All afternoon, the views were stunning and the desert plants were so dense and colorful and plump and vibrant they looked more like coral than cactus. We talked while we walked about making friends and bike packing and FLETCHER and what would happen if we didn’t work real jobs and just wandered around like this until we turned thirty.

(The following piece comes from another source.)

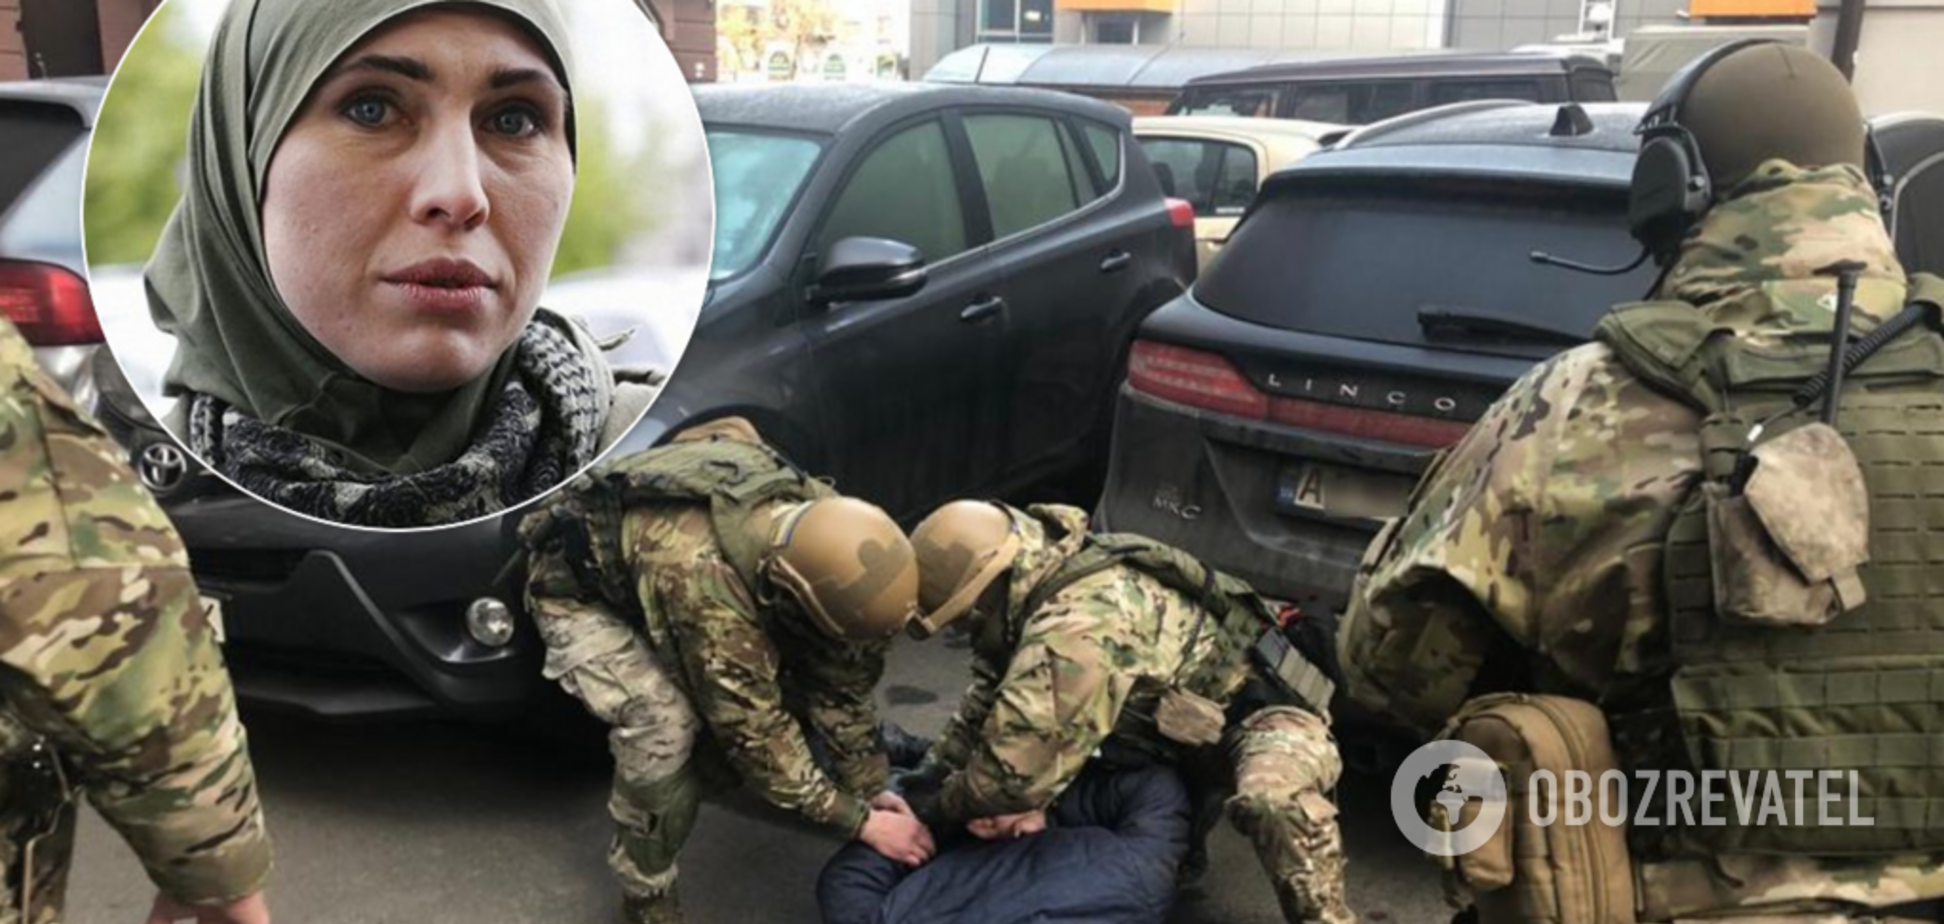 Уроженец России и след 'ЛНР': полиция раскрыла громкие подробности по убийству Окуевой

The trail wound down the foothills and across the desert floor where it ran along a fast road for about a mile. A guy called Rusty introduced himself under the underpass at Scissors Crossing. He was a thru-hiker too, but he wore big jeans and a heavy sweatshirt and carried a frameless backpack with a giant Walmart shopping bag hanging from one of the straps, swinging side to side across the backs of his knees with every step. We stood in the parking lot blinking away dust (it was still too windy for our hats) until Rangel the trail angel picked us up in his big Ford pickup. We threw our packs into the covered bed and he drove us up the 7 miles of highway with the most curves in the world (according to the Guinness Book of World Records) to Julian, a tiny ex-mining town with Wild West facades and big coniferous trees and low-hanging fog and Vermont vibes. We went to Mom’s first and found Mick and Wayne sitting in a booth. Katie ordered a bumbleberry pie with cinnamon ice cream and a hot cider and I ordered sugar-free apple pie with espresso ice cream and all of it was free because we’re hiking the PCT. Almost everyone in the crowded little shop was a hiker (there was a whole pile of packs along the back wall) so it was amazing they stay in business.

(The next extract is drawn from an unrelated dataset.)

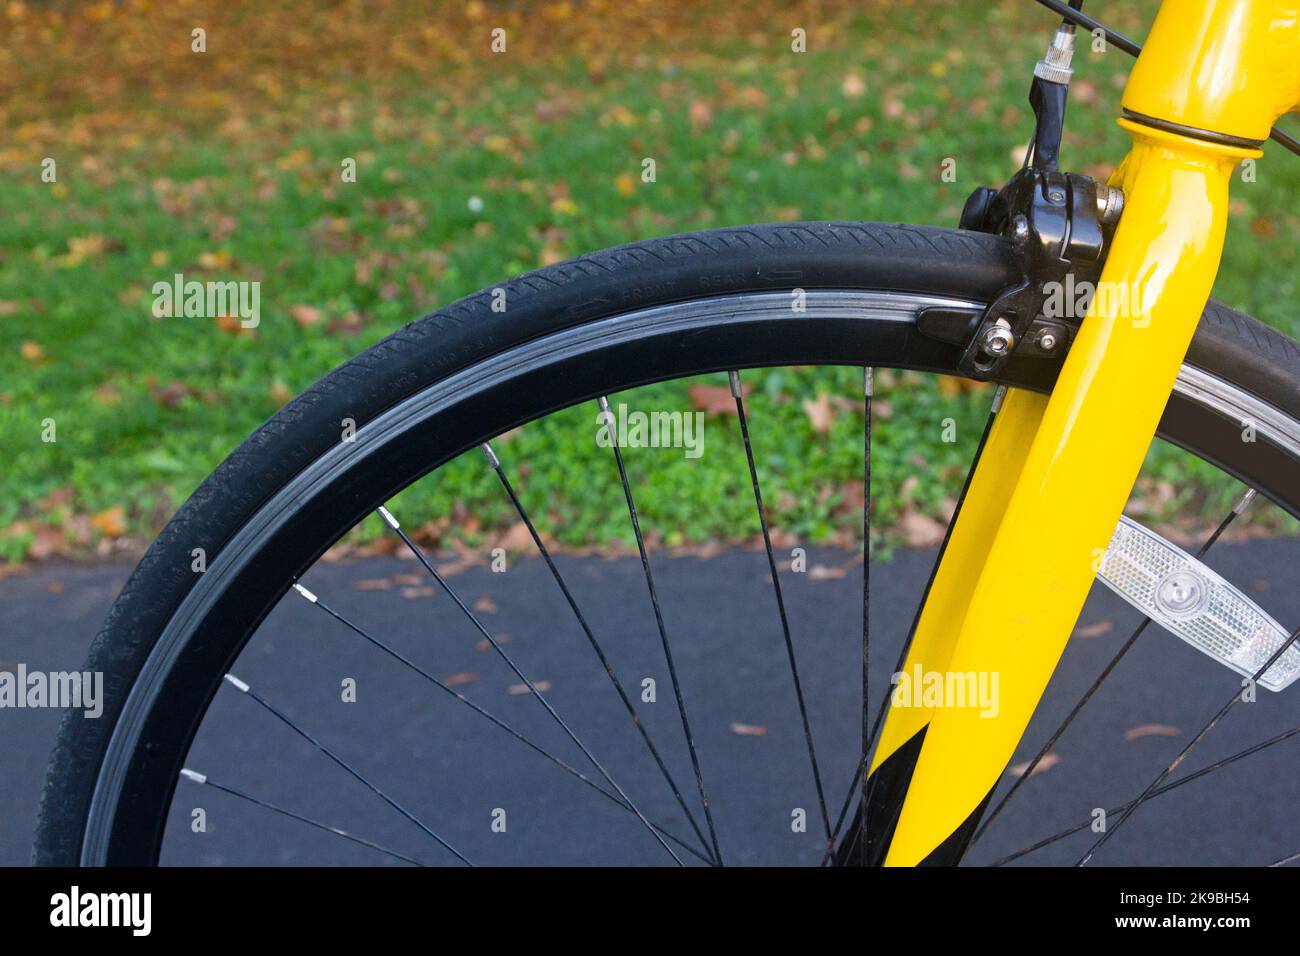 Une roue de vélo et une fourche jaune avec un fond vert Banque D'Images

Katie made the rounds to find us accommodations for the night and learned from two women at the booth across that someone had rented an AirBnB two miles out of town. We popped into the gear shop across the street (the owner couldn’t believe it was our first thru hike because of my perfectly small pack) and then we went to Julian Beer Co and ordered a garlicky artichoke pizza. We sat and ate at the little bar next to Sweet Pea with the shoulder-length curls and the rainbow bandanna who works at Snoqualmie and then we walked backward through town toward a road called Sunshine Trail for the Airbnb. It was overcast and windy and a little cold in shorts, but the walk was really nice and we got to see the library and the high school and a cute apple farm. Three! different trucks pulled over and offered us rides back to the trail. People are so so nice to thru-hikers it’s really insane.

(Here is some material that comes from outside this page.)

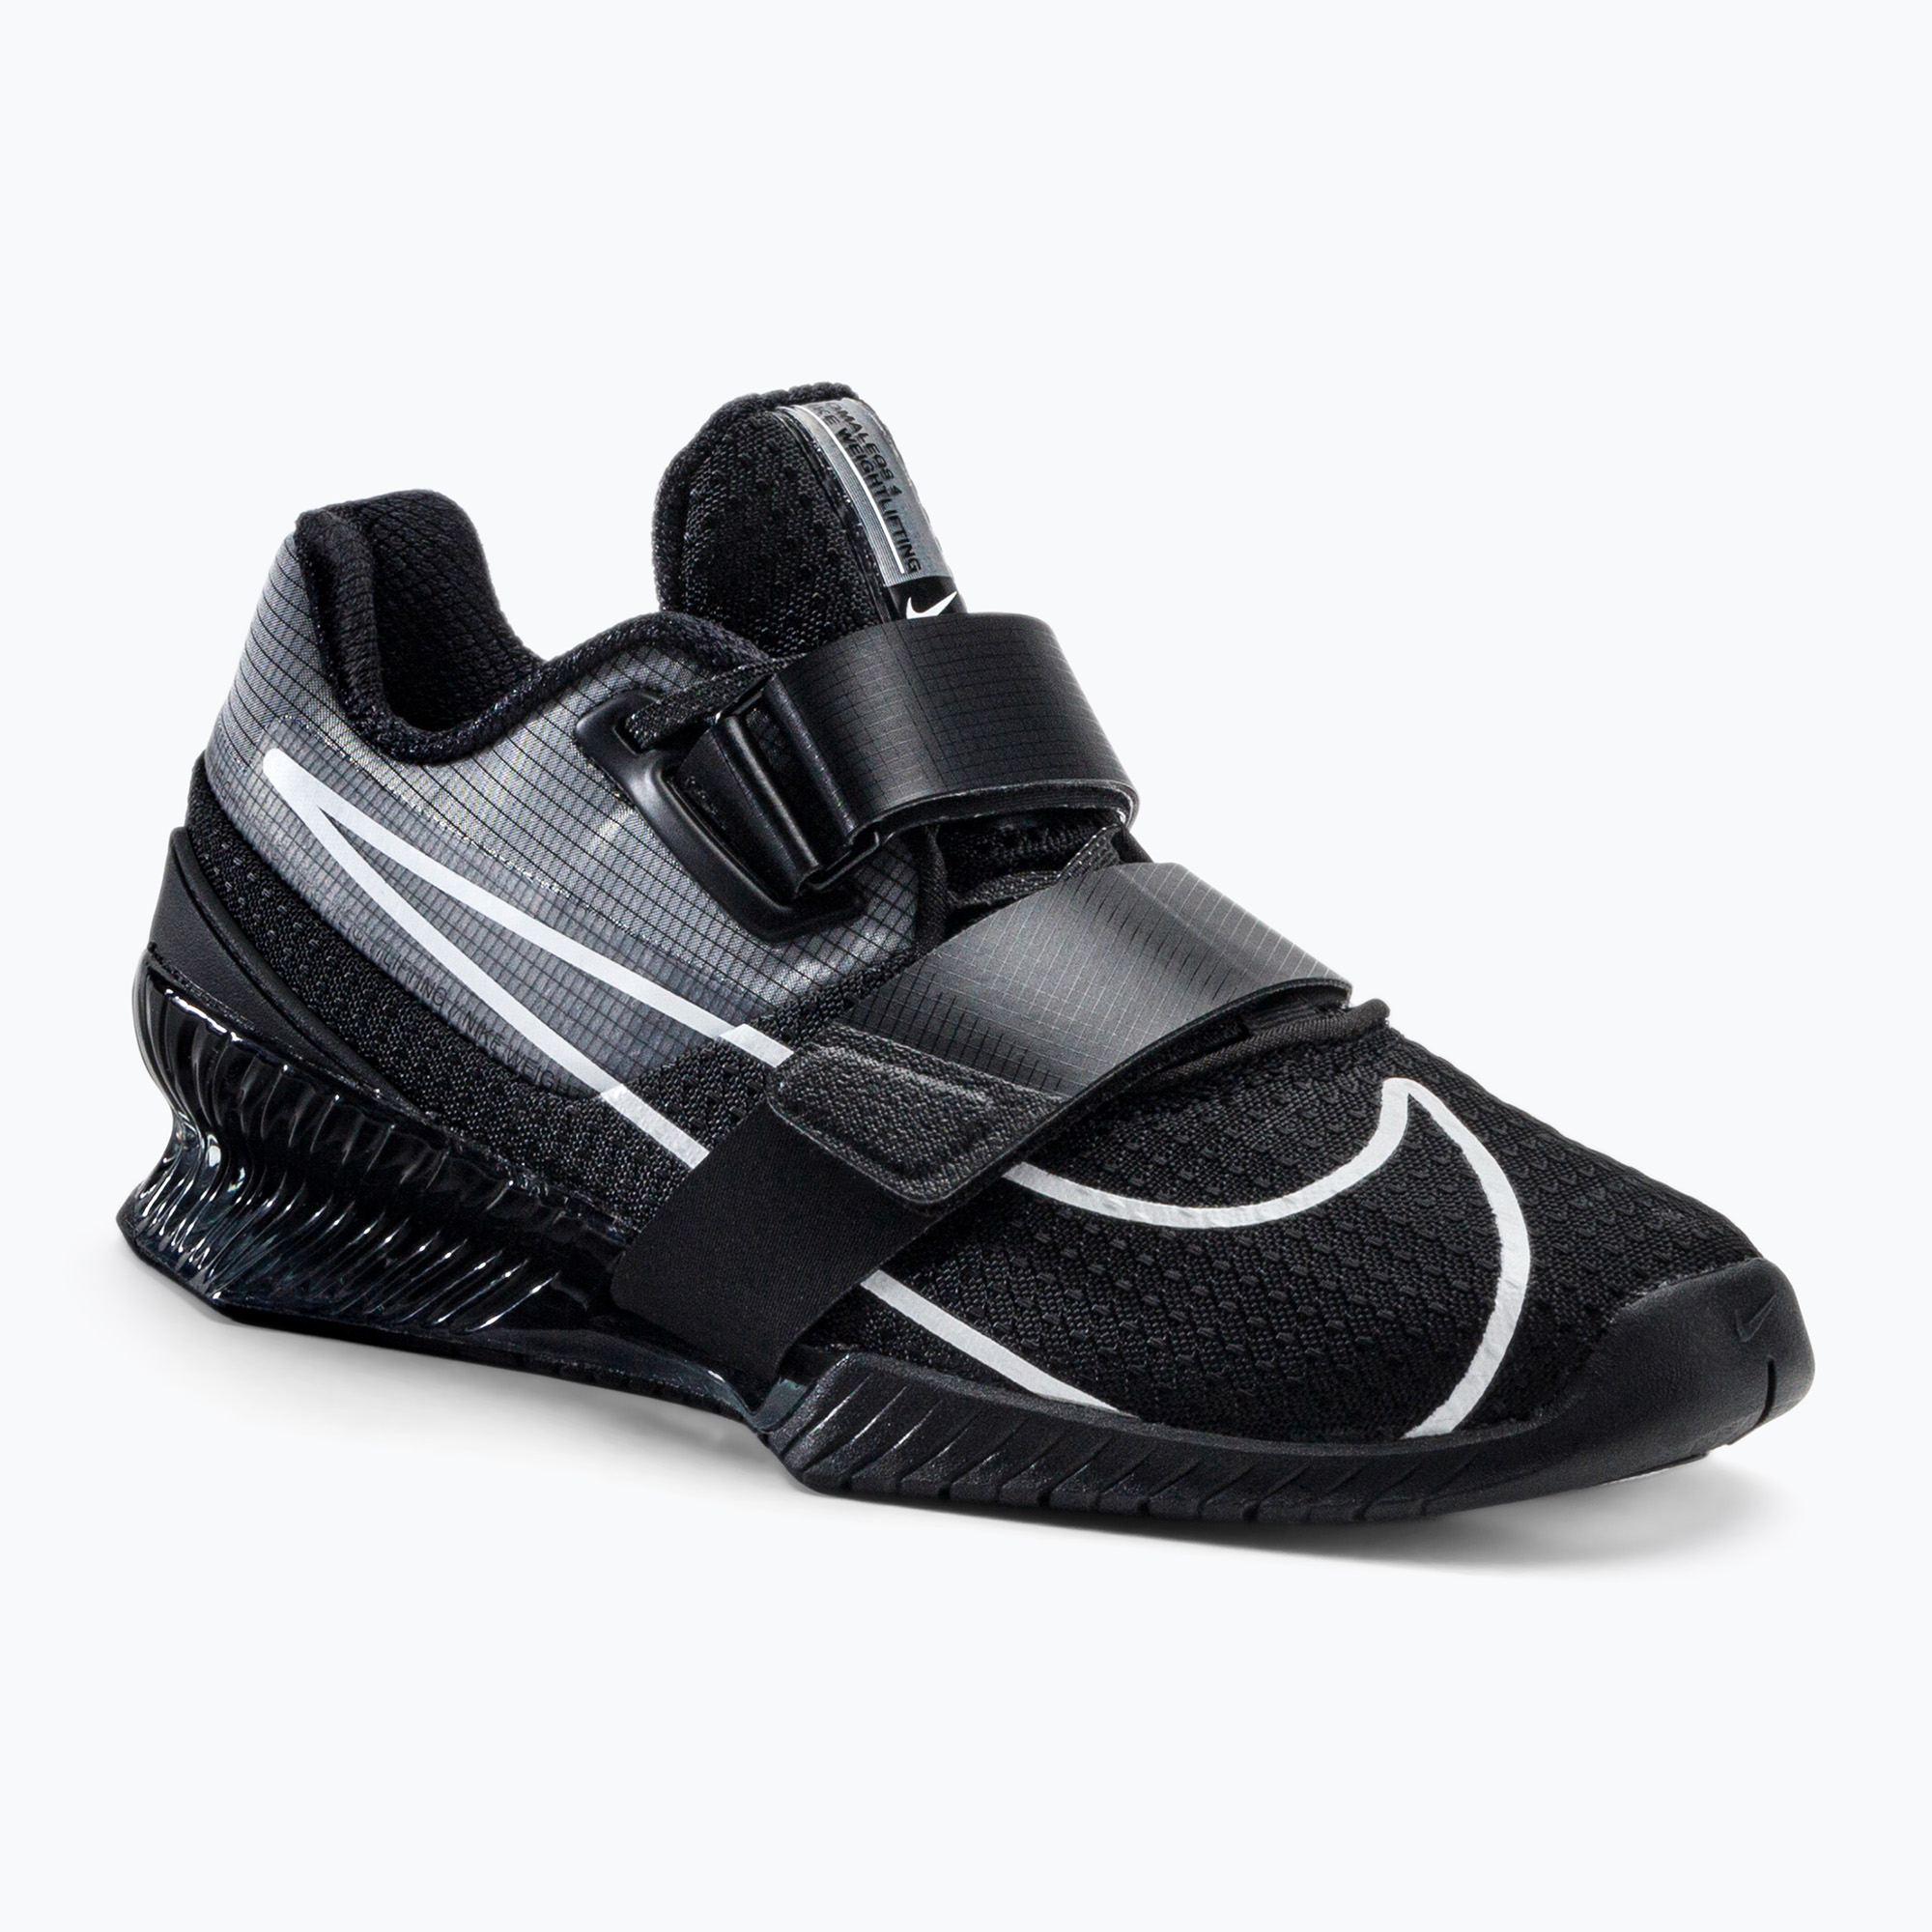 Nike Romaleos 4 haltere pantofi de haltere negru CD3463-010

The Airbnb was this big farm house on a small hill with two actual mule deer in the front yard. There were maybe 10 other people hanging out watching TV. They all were a lot younger than the people we’ve been hiking with. We washed our dishes and shorts in the kitchen sink with the nice windows and trimmed our toe nails and showered (so much hair fell out of my head when I took it out of my braid) and sat on the floor and chatted a bit but the TV was loud and I wasn’t feeling very social. It was really late (9:30) and everyone was still hanging out so we went upstairs to the couch in the loft and fell asleep listening to all of the horrible gorey sounds of people getting brutally mutilated by Cocaine Bear.